After his father left them when Stephen was two, he and his older brother,
David, were raised by his mother. Parts of his childhood were spent in Fort
Wayne, Indiana, where his father's family was at the time, and in Stratford,
Connecticut. When Stephen was eleven, his mother brought her children back to
Durham, Maine, for good. Her parents, Guy and Nellie Pillsbury, had become
incapacitated with old age, and Ruth King was persuaded by her sisters to take
over the physical care of them. Other family members provided a small house in
Durham and financial support. After Stephen's grandparents passed away, Mrs.

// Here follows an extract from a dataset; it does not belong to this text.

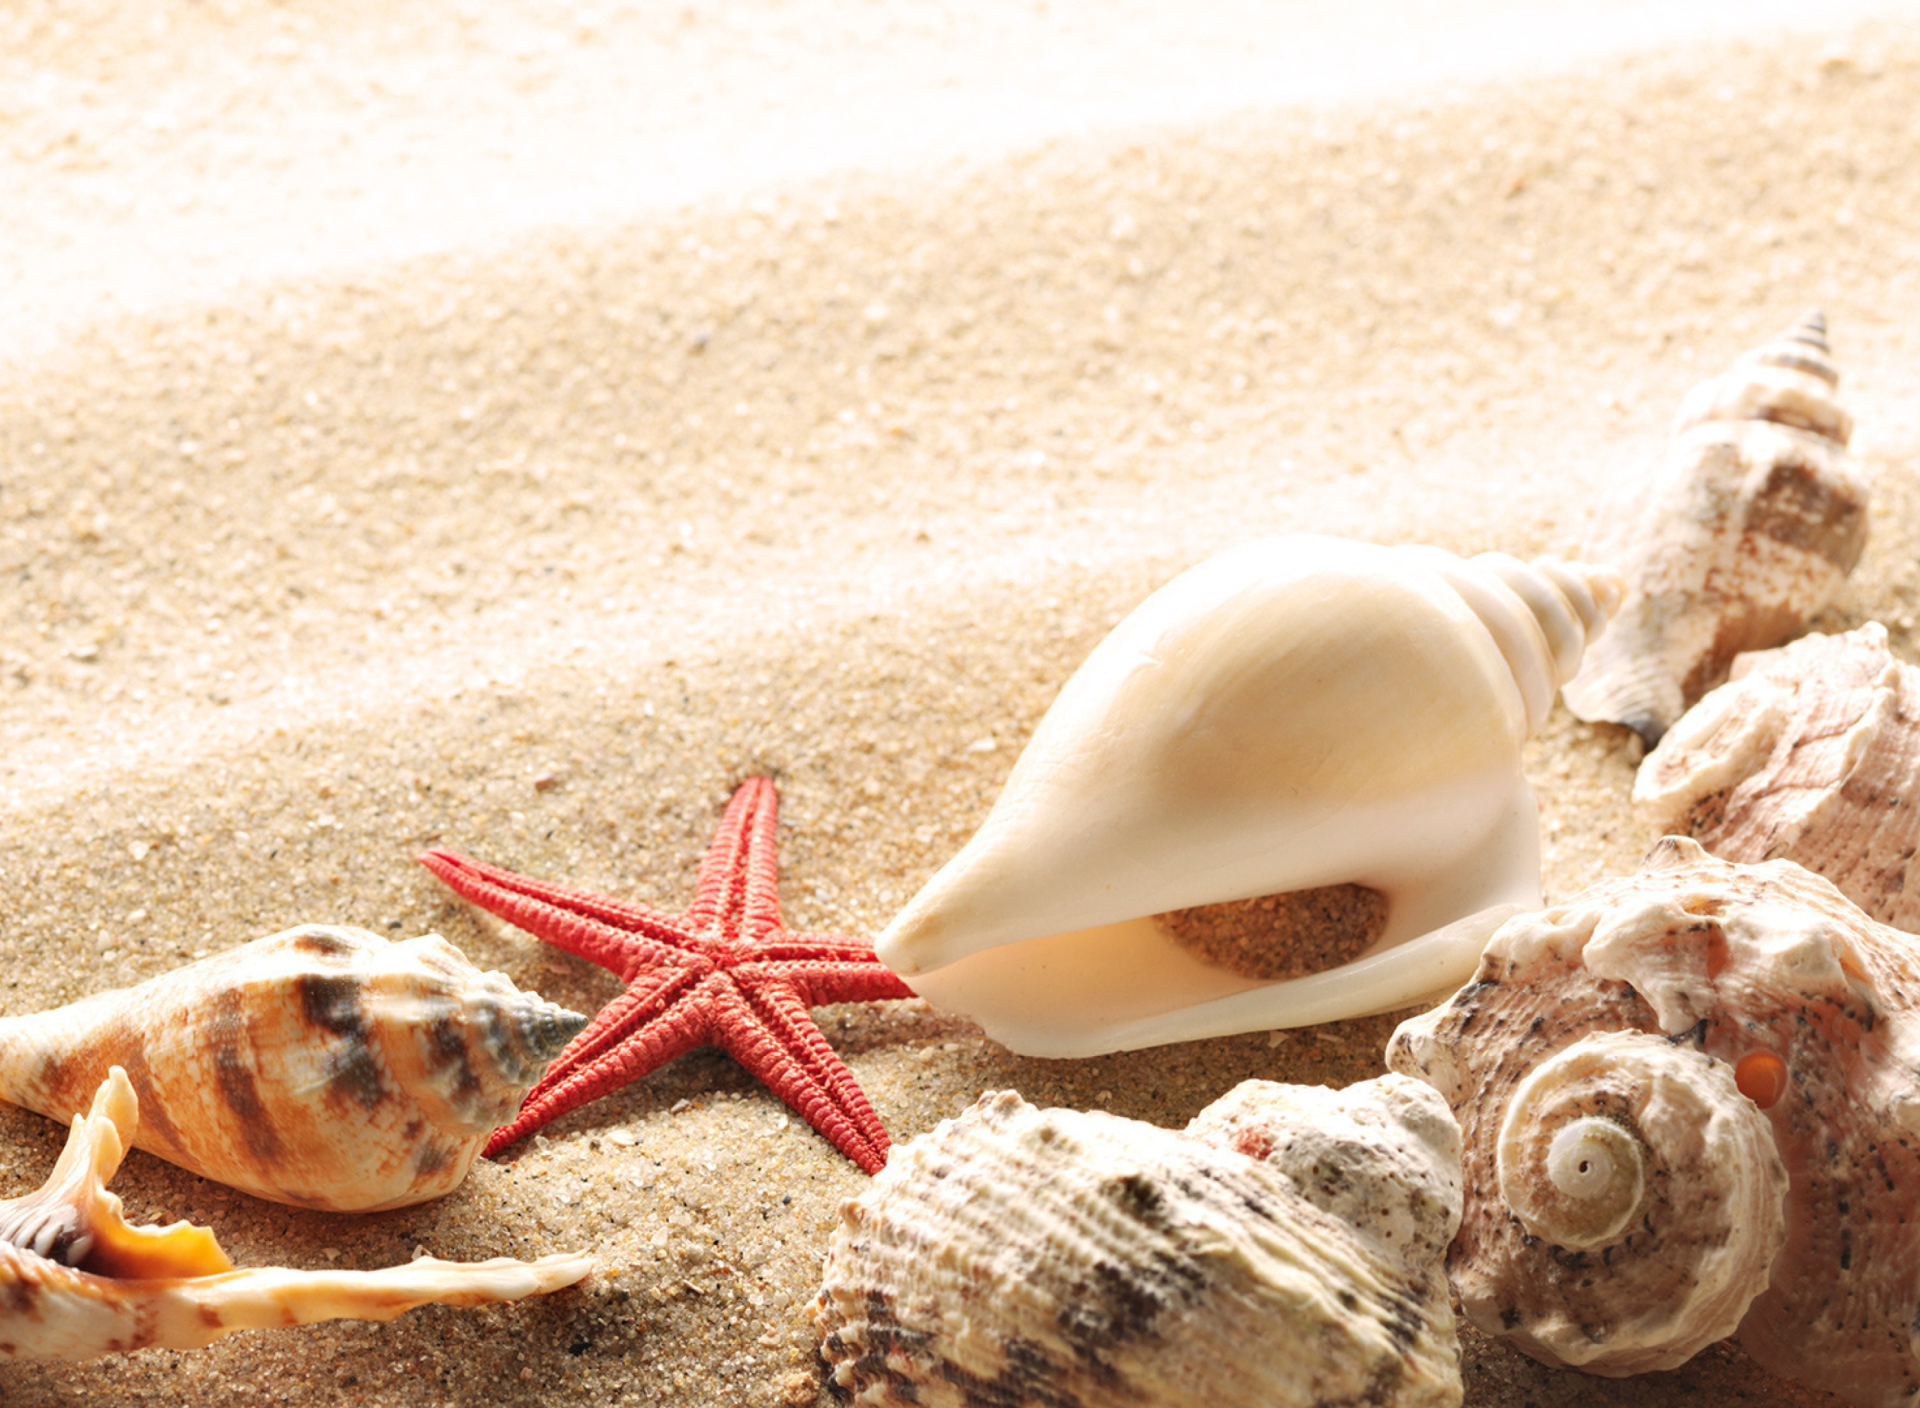 Обои Seashells On The Beach 1920x1408

King found work in the kitchens of Pineland, a nearby residential facility for
the mentally challenged.
Stephen
attended the grammar school in Durham and Lisbon Falls High School, graduating
in 1966. From his sophomore year at the University of Maine at Orono, he wrote
a weekly column for the school newspaper, THE MAINE CAMPUS. He was also active
in student politics, serving as a member of the Student Senate. He came to
support the anti-war movement on the Orono campus, arriving at his stance from
a conservative view that the war in Vietnam was unconstitutional. He graduated
in 1970, with a B.A. in English and qualified to teach on the high school
level. A draft board examination immediately post-graduation found him 4-F on
grounds of high blood pressure, limited vision, flat feet, and punctured
eardrums.
He met
Tabitha Spruce in the stacks of the Fogler Library at the University, where
they both worked as students; they married in January of 1971. As Stephen was
unable to find placement as a teacher immediately, the Kings lived on his
earnings as a laborer at an industrial laundry, and her student loan and
savings, with an occasional boost from a short story sale to men's magazines.
Stephen
made his first professional short story sale ("The Glass Floor") to
Startling Mystery Stories in 1967. Throughout the early years of his marriage,
he continued to sell stories to men's magazines. Many were gathered into the
Night Shift collection or appeared in other anthologies.
In the
fall of 1971, Stephen began teaching English at Hampden Academy, the public
high school in Hampden, Maine. Writing in the evenings and on the weekends, he
continued to produce short stories and to work on novels.